Solar Eclipse 2022 begins: Photography tips to click images using digital camera

There will be a partial solar eclipse today. It will be visible over several regions of Europe, the Middle East, north-eastern parts of Africa, western Asia, the North Atlantic Ocean, and the North Indian Ocean. Most of the states in India will also be able to witness the solar eclipses.

The event is an opportunity for camera lovers to capture the phenomena. Camera manufacturer Nikon has shared a blog on how to photograph a solar eclipse using a digital camera. Read on

One can photograph a solar eclipse with any type of camera: Mirrorless, DSLR, COOLPIX or Nikon. Users must note that the longer the focal length of the lens, the larger the images of the sun they will be able to make.

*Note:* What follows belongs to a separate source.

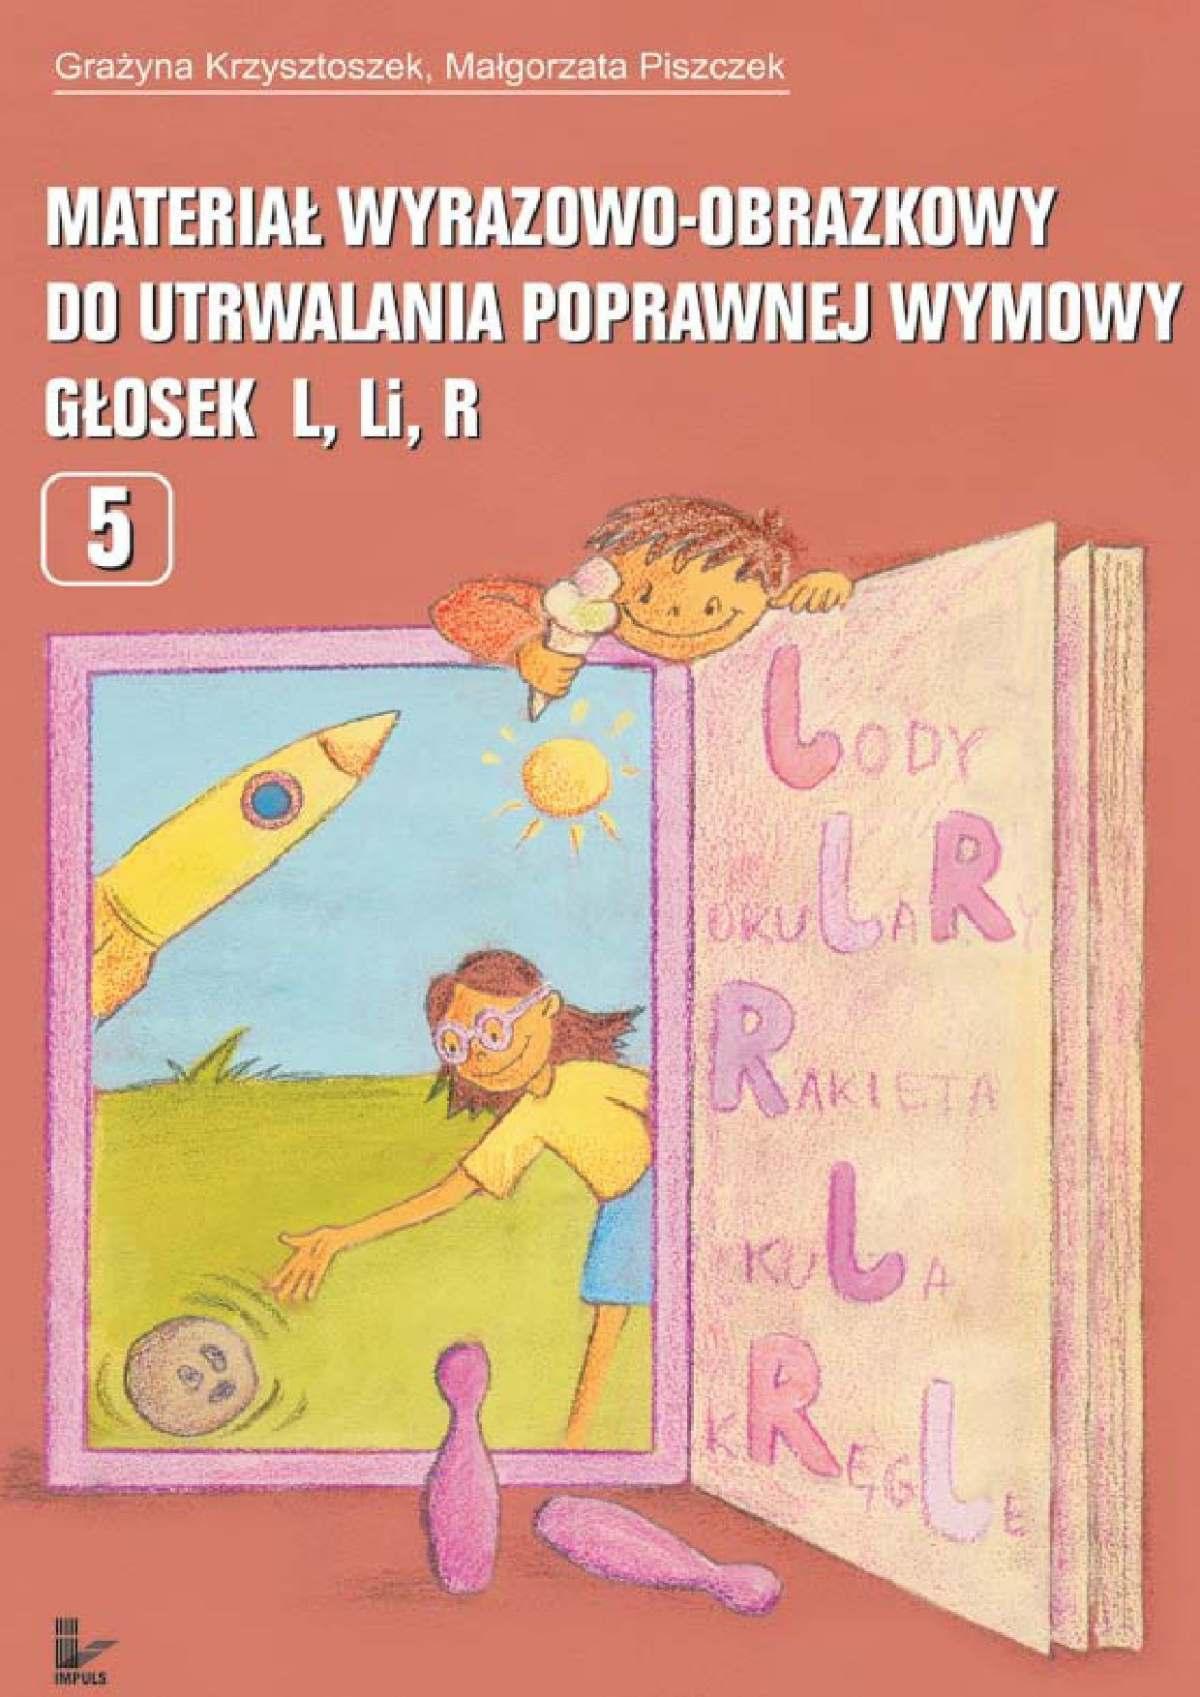 Materiał wyrazowo-obrazkowy do utrwalania poprawnej wymowy głosek l, r - Ebook (Książka EPUB) do pobrania w formacie EPUB

With a mirrorless camera or DSLR, one can combine a super telephoto lens with a teleconverter to increase the focal length. One can also increase the relative size of the eclipse image by selecting an FX camera’s “DX Crop Mode”. If you’re photographing the solar eclipse using a COOLPIX compact digital camera, turn the built-in flash to OFF.

Next, choose a focal length of 2000mm or less for a mirrorless or DSLR camera with a full frame FX sensor. For a Mirrorless or DSLR camera that has a DX sensor, the maximum focal length is about 1300mm. Any longer and you won’t be able to get the entire sun in the frame.

Set your camera focus to infinity and place your camera on a sturdy tripod. If you are using a telescope on an equatorial mount, the electric drive will track the sun keeping it centered in your camera throughout the eclipse.

Do not forget to use a solar filter on the lens throughout the partial phases for both photography and safe viewing. These filters typically attenuate the sun’s visible and infrared energy by a factor of 100,000. Almost any ISO can be used because the sun gives off abundant light. The actual filter factor and choice of ISO will play critical roles in determining the correct exposure.

Make use of the camera’s histogram function to evaluate the best exposure. Remember that the histogram should not be clipped but should lie toward the upper end of brightness values. Because the sun’s brightness stays the same throughout the partial phases, no exposure compensation will be needed. You may also need to bracket your exposures to ensure that you photograph the solar eclipse with a perfect exposure. If you ran your test on a sunny day and the eclipse occurs on a hazy day, increase the bracket of exposures an additional f/stop.